(chem-predictors)=

# Chem Predictors

A `ChemPredictor` is a wrapper class that is put on top of a [`Predictor`](sparse-predictors), adding useful functionality for directly dealing with chemical data for both training and prediction tasks.

```{contents} Table of Contents
:backlinks: top
:depth: 3
```

## Instantiation

There is one wrapper class for each [`Predictor`](sparse-predictors) type:


|Predictor class | Wrapper class | Description |
|-|-|-|
|CPClassifier|ChemCPClassifier|ACP/CCP/TCP classification models|
|CPRegressor|ChemCPRegressor|ACP/CCP regressor models|
|AVAPClassifier|ChemVAPClassifier|Venn-ABERS type models|


## Loading data & Predict

Molecular data can be loaded directly using the `ChemDataset` class, which performs descriptor calculation on the fly, or using the `ChemPredictor` instance which then stores some meta data. The `ChemPredictor` wrapper classes outlined in the last section holds a `ChemDataset` instance so that data and the predictor is kept jointly.
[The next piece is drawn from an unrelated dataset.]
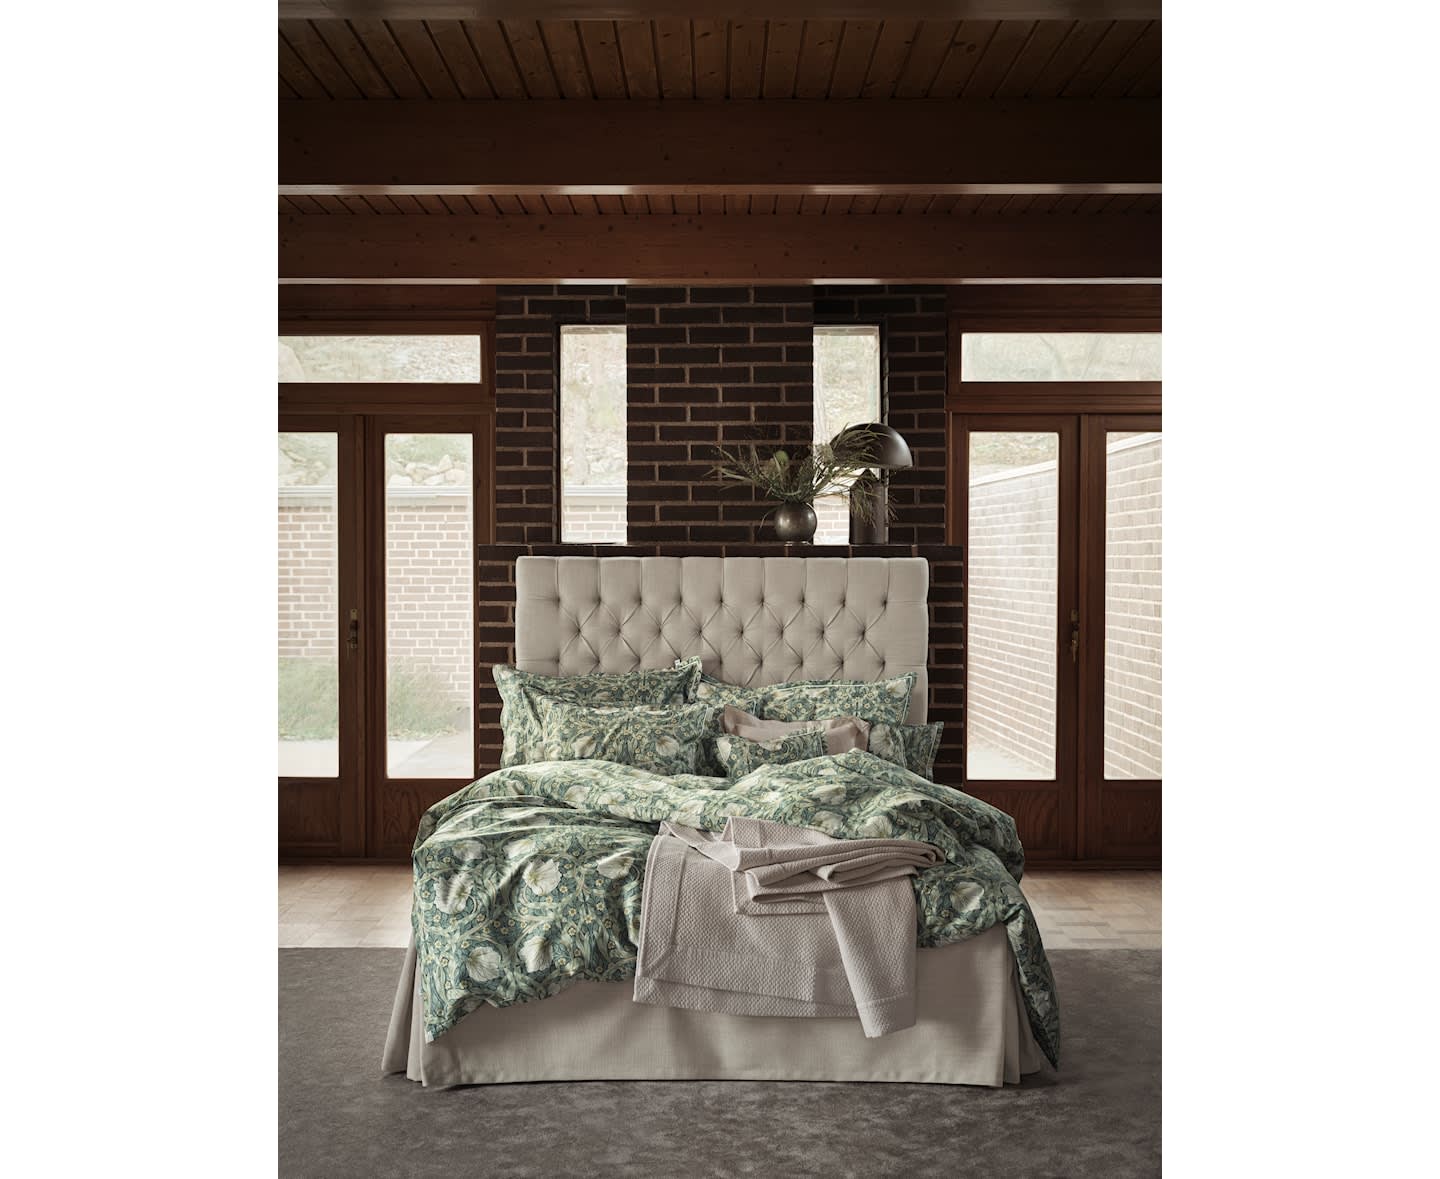 Mille Notti Pimpernel Bettbezug Grün Einfach

Loading data is most easily achieved using the convenience classes `SDFile`, `CSVFile` and `JSONFile` that allows you to get an iterator of molecules. Note that you can load data from multiple files, simply by calling the `add(Iterator)` several times, potentially using different file formats.

```java
ChemCPClassifier clf = new ChemCPClassifier(acp);

// Read from SDF v2000/v3000
Iterator<IAtomContainer> data = new SDFile(file).getIterator();
// Define the property in the SDF to read labels from
String property = ...
// Map textual labels to numerical values
NamedLabels labels = new NamedLabels("active","inactive");

// Load using wrapper method in ChemCPClassifier class
clf.addRecords(data,
			property,
			labels);
// Load using the ChemDataset directly
clf.getDataset().add(data,
            property,
            labels);

```

Loading data in this way automatically loads it in the "normal" dataset, whereas adding the `RecordType.CALIBRATION_EXCLUSIVE` or `RecordType.MODELING_EXCLUSIVE` as a forth argument to the `add()` or `addRecords()` methods will mark the data to either be used exclusively for calibration of the predictions or training of the underlying scoring model.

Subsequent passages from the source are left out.